Exercise aim — The reply needs the lines from the one containing "Université Toulouse 1" through the end of the material, each repeated exactly, and no pictures.
*** Opening Dataset extract ***
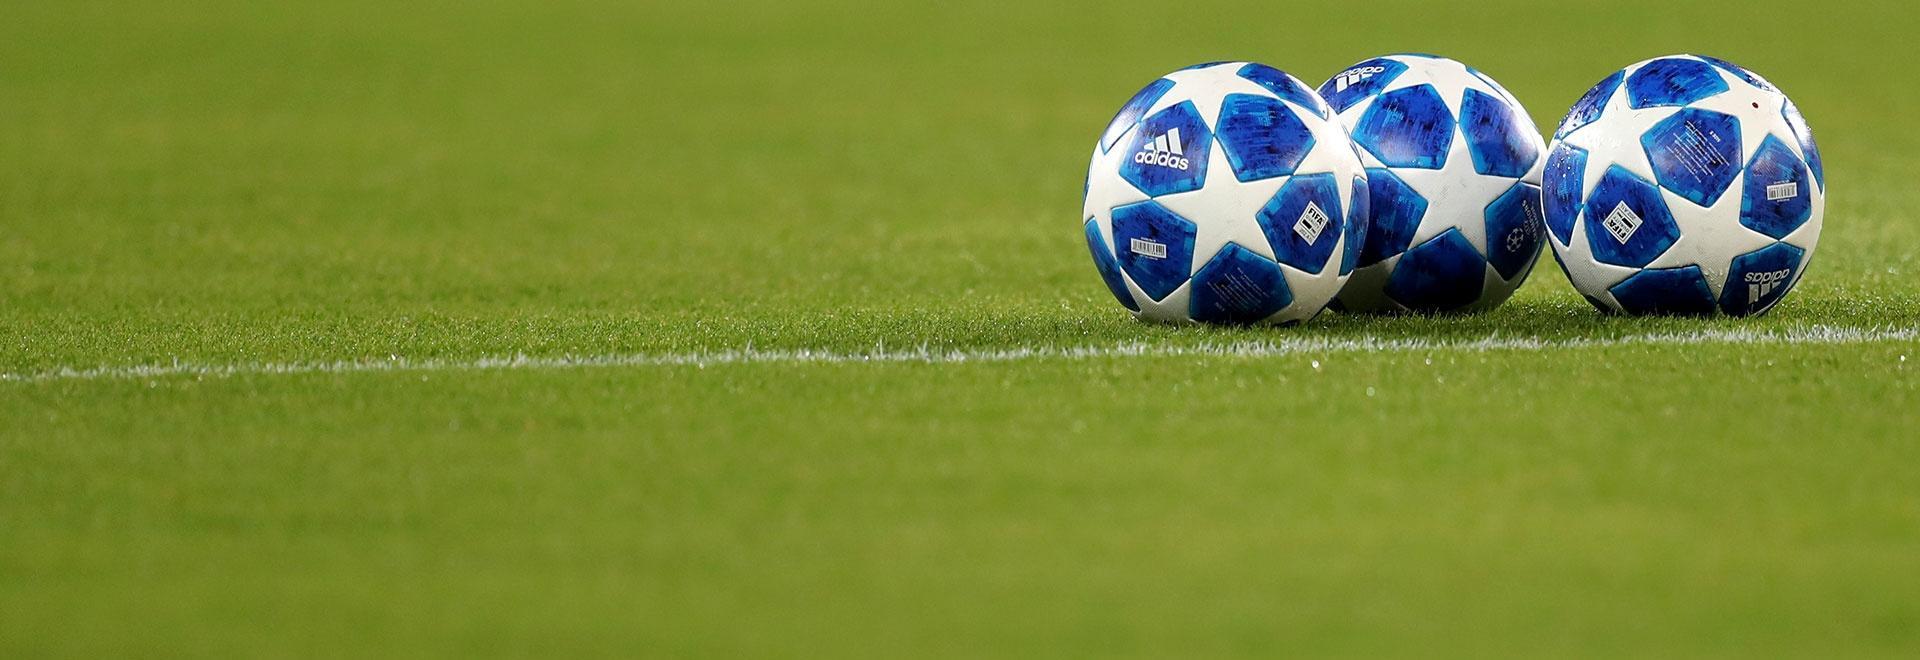 Slavia Praga - Inter 27//11/19
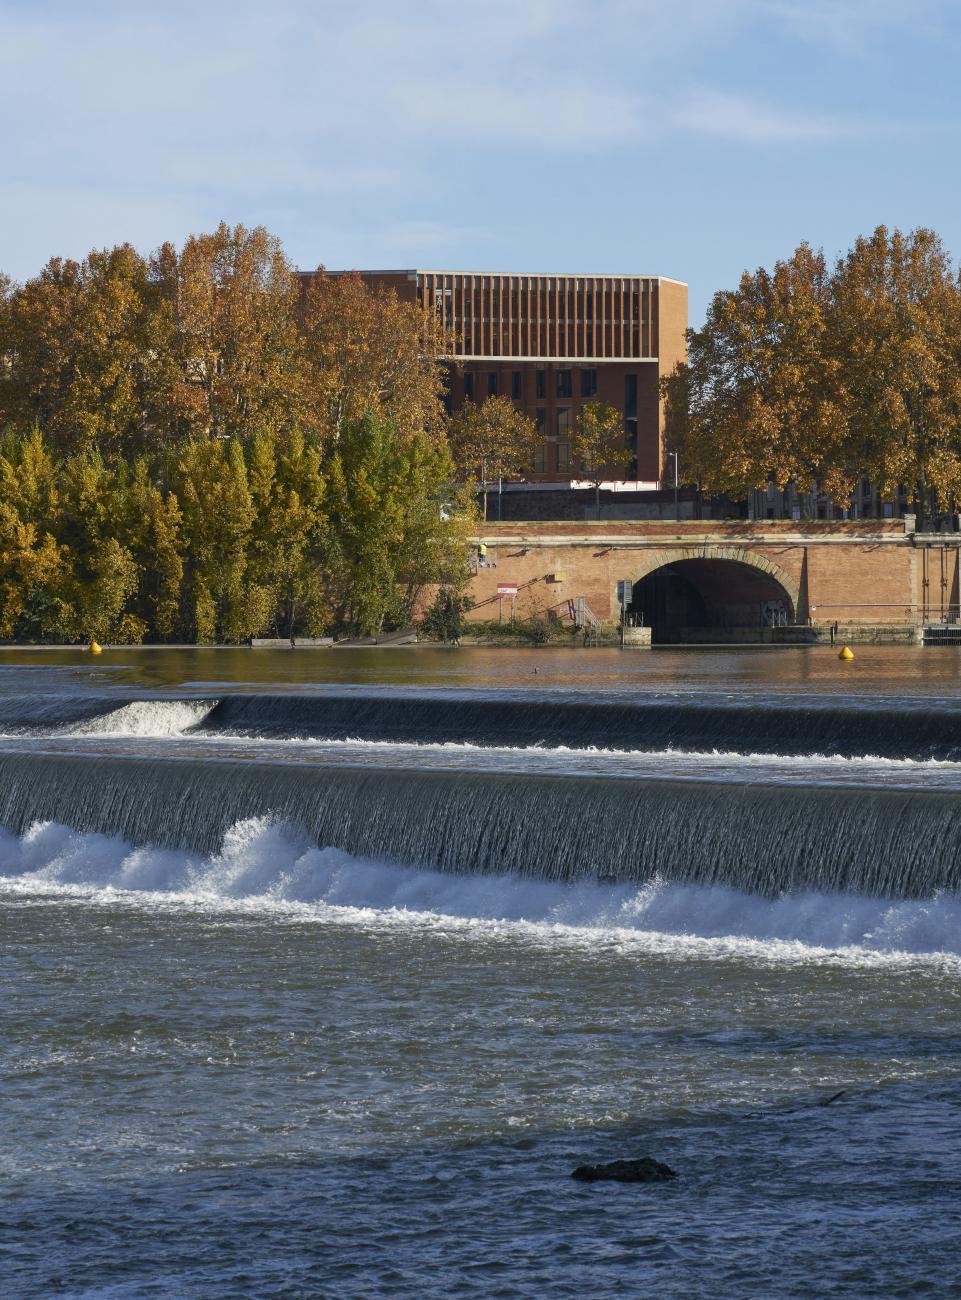 Université Toulouse 1 Capitole, School of Economics by Grafton Architects - Photo courtesy of Dennis Gilbert.
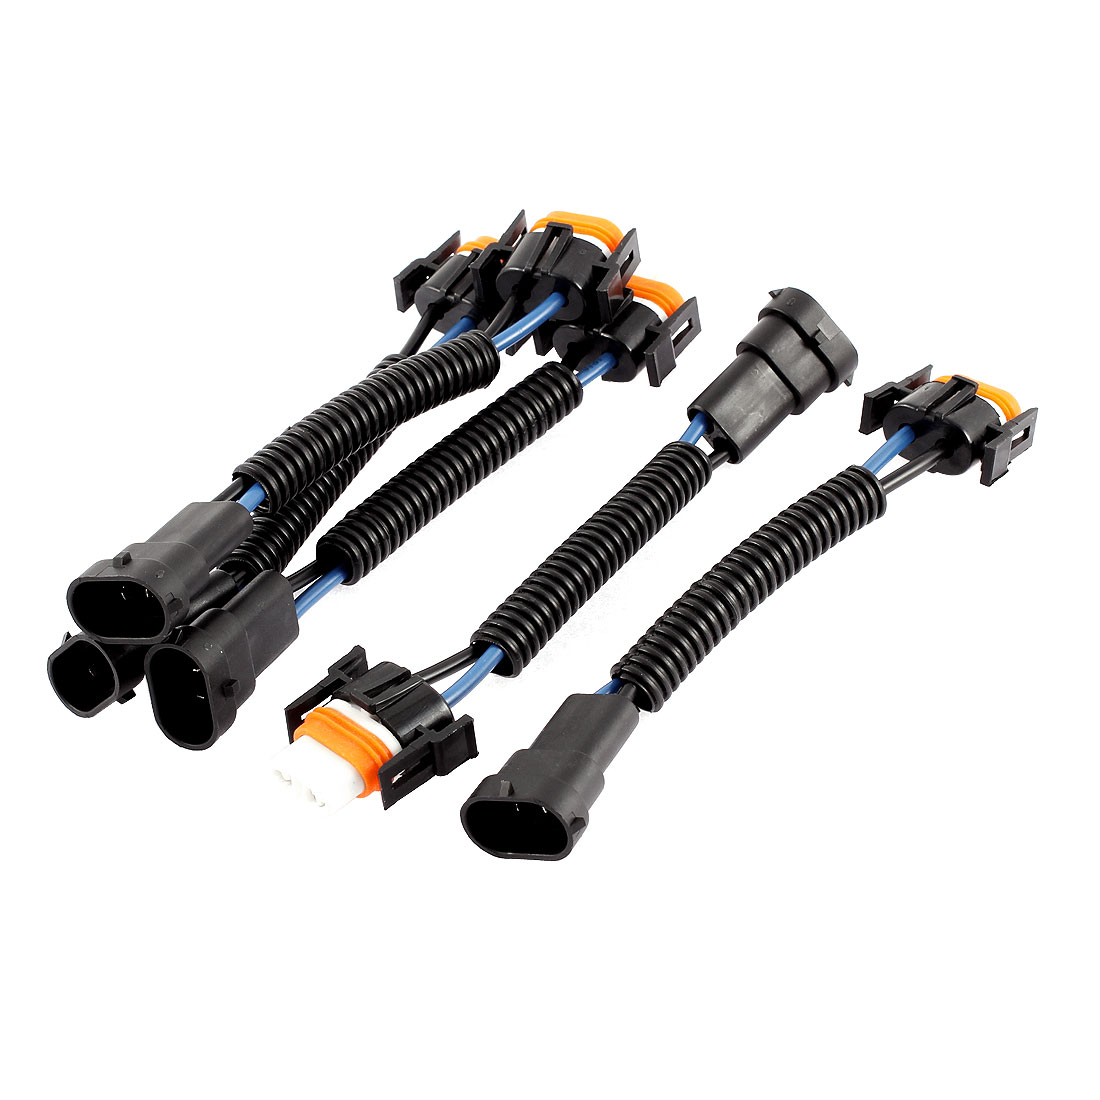 Unique Bargains Car Headlight H11 Male Female Socket Harness Wiring Wire Plastic Connector Plug 5 Pcs
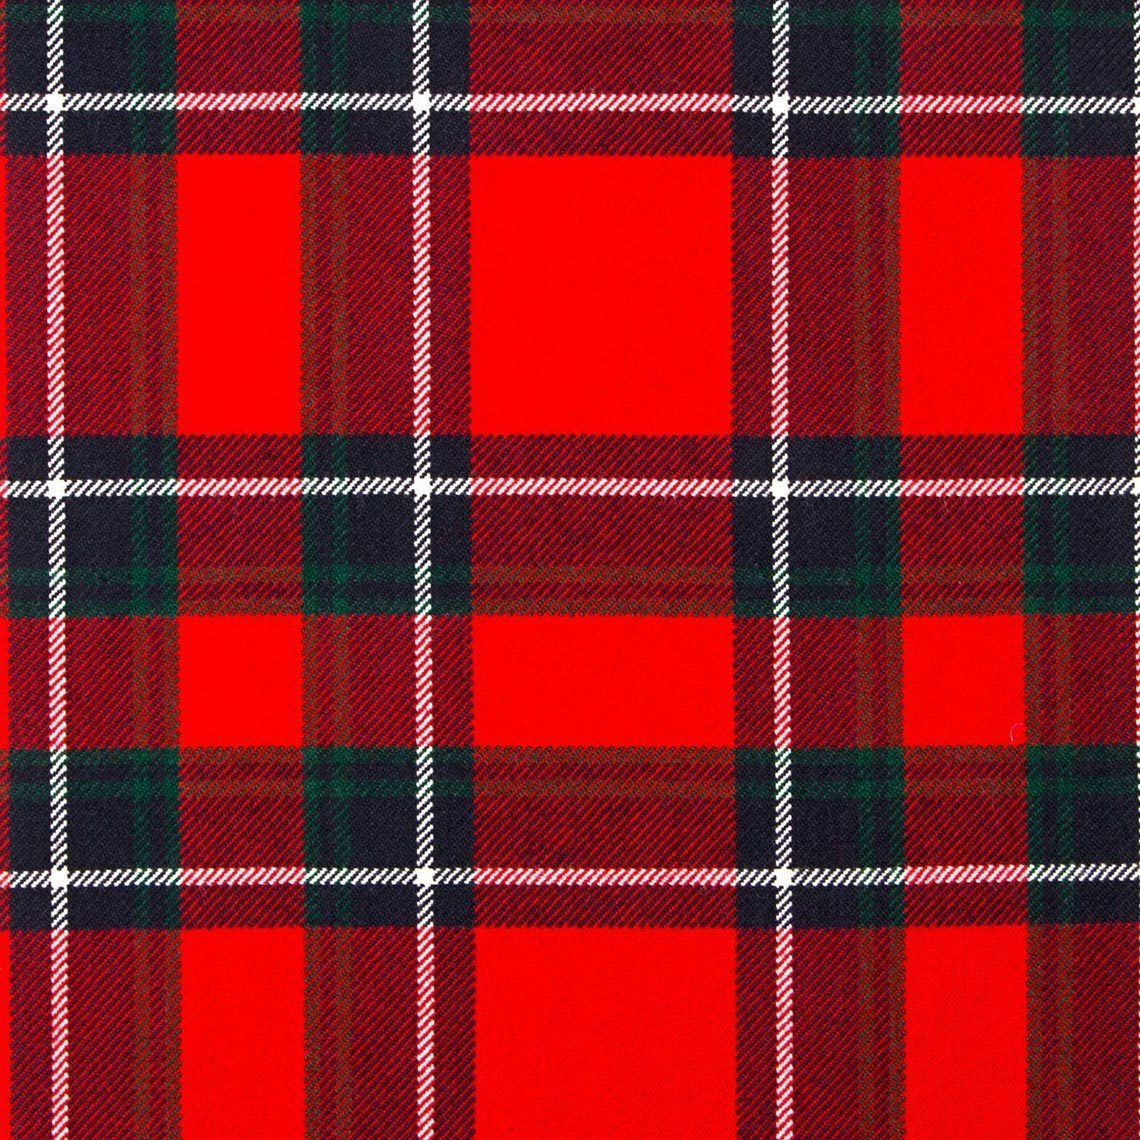 Inverness (Modern) Kilt
*** Closing Dataset extract ***
Task response —
 Université Toulouse 1 Capitole, School of Economics by Grafton Architects - Photo courtesy of Dennis Gilbert.
 Unique Bargains Car Headlight H11 Male Female Socket Harness Wiring Wire Plastic Connector Plug 5 Pcs
 Inverness (Modern) Kilt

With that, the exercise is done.